## Data
────────────────────
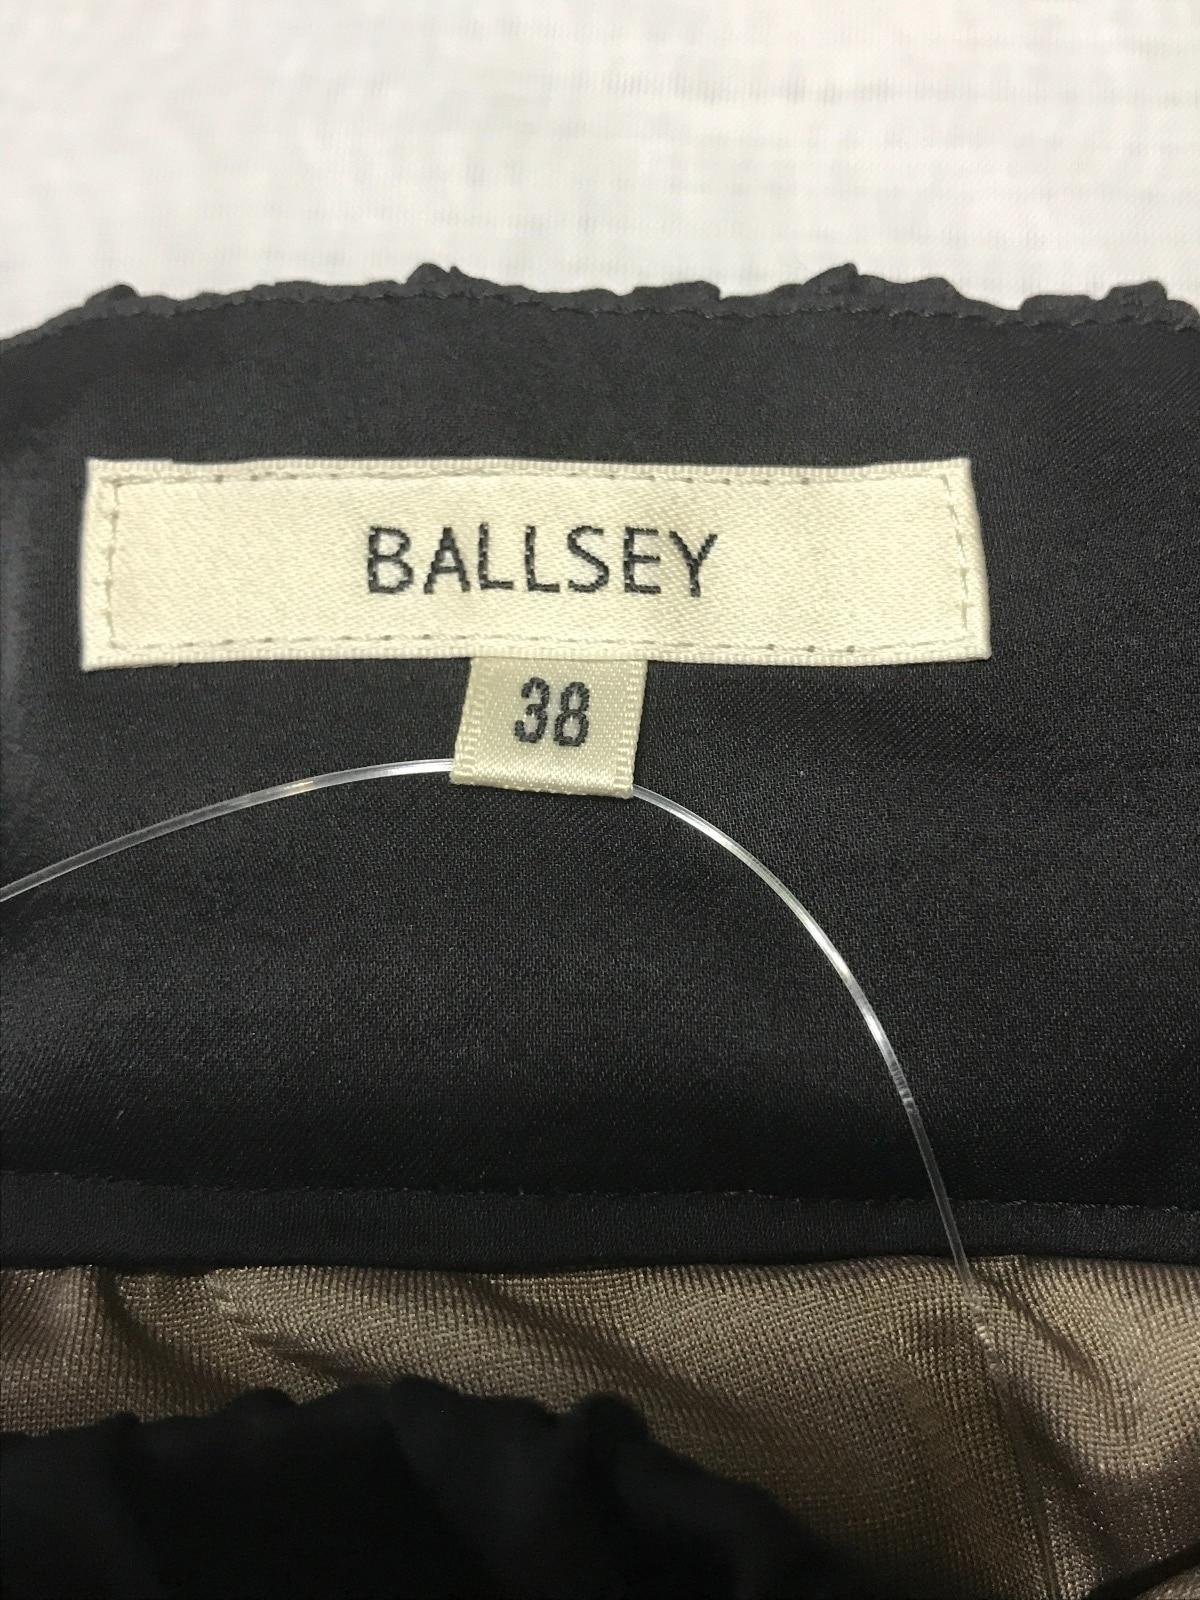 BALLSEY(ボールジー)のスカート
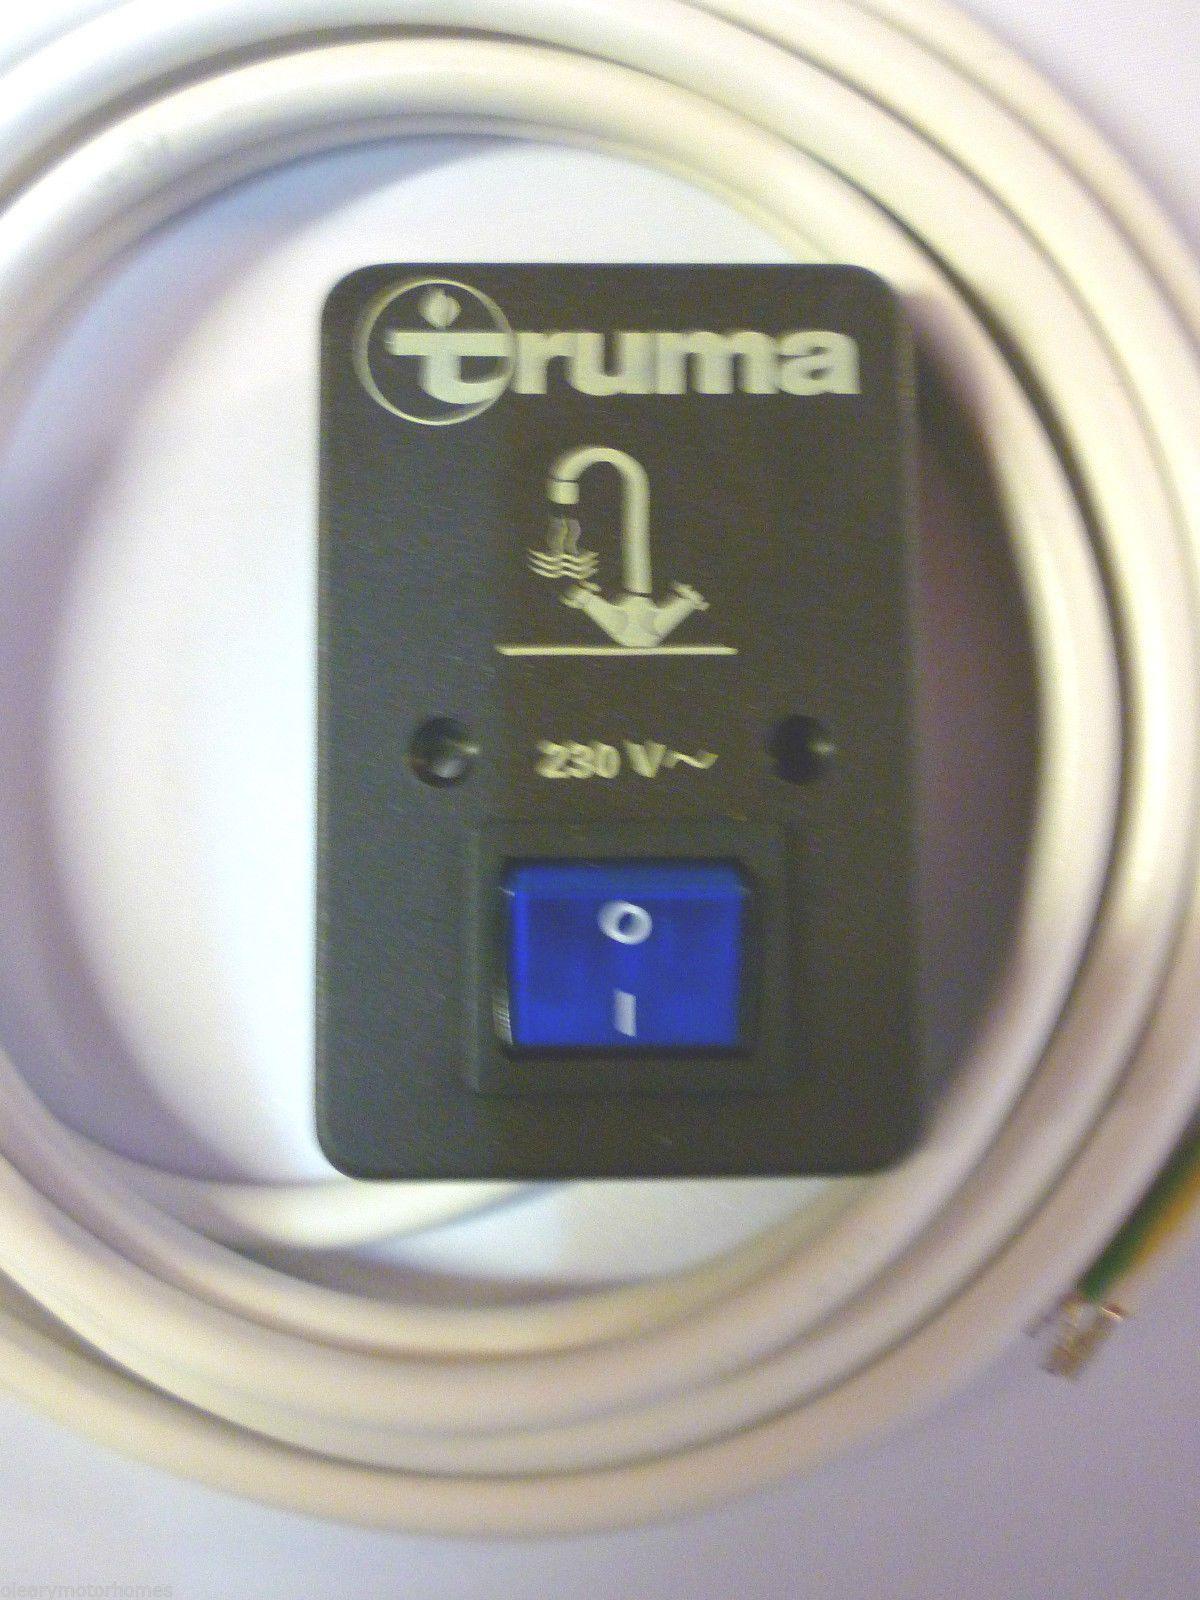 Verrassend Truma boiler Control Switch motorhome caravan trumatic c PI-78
────────────────────
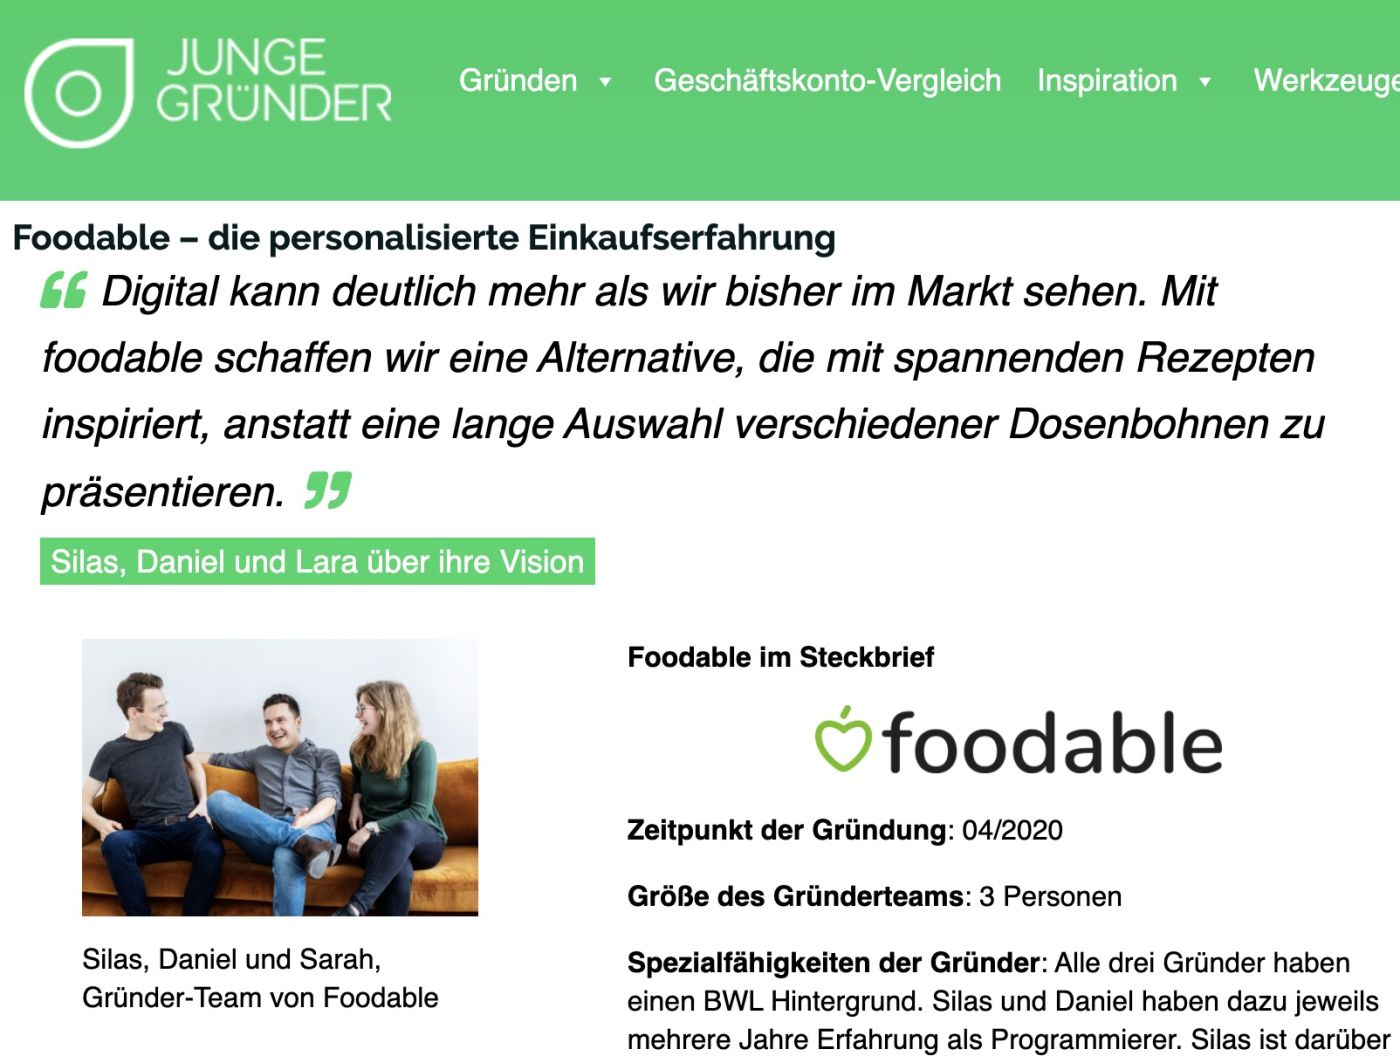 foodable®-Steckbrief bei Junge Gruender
────────────────────
## Description of the task
Once the line with "BALLSEY(ボールジー)のスカート" is found in the data above, reproduce it and each line after it exactly, through the line with "Verrassend Truma boiler". Omit the pictures.

## Written solution
 BALLSEY(ボールジー)のスカート
 Verrassend Truma boiler Control Switch motorhome caravan trumatic c PI-78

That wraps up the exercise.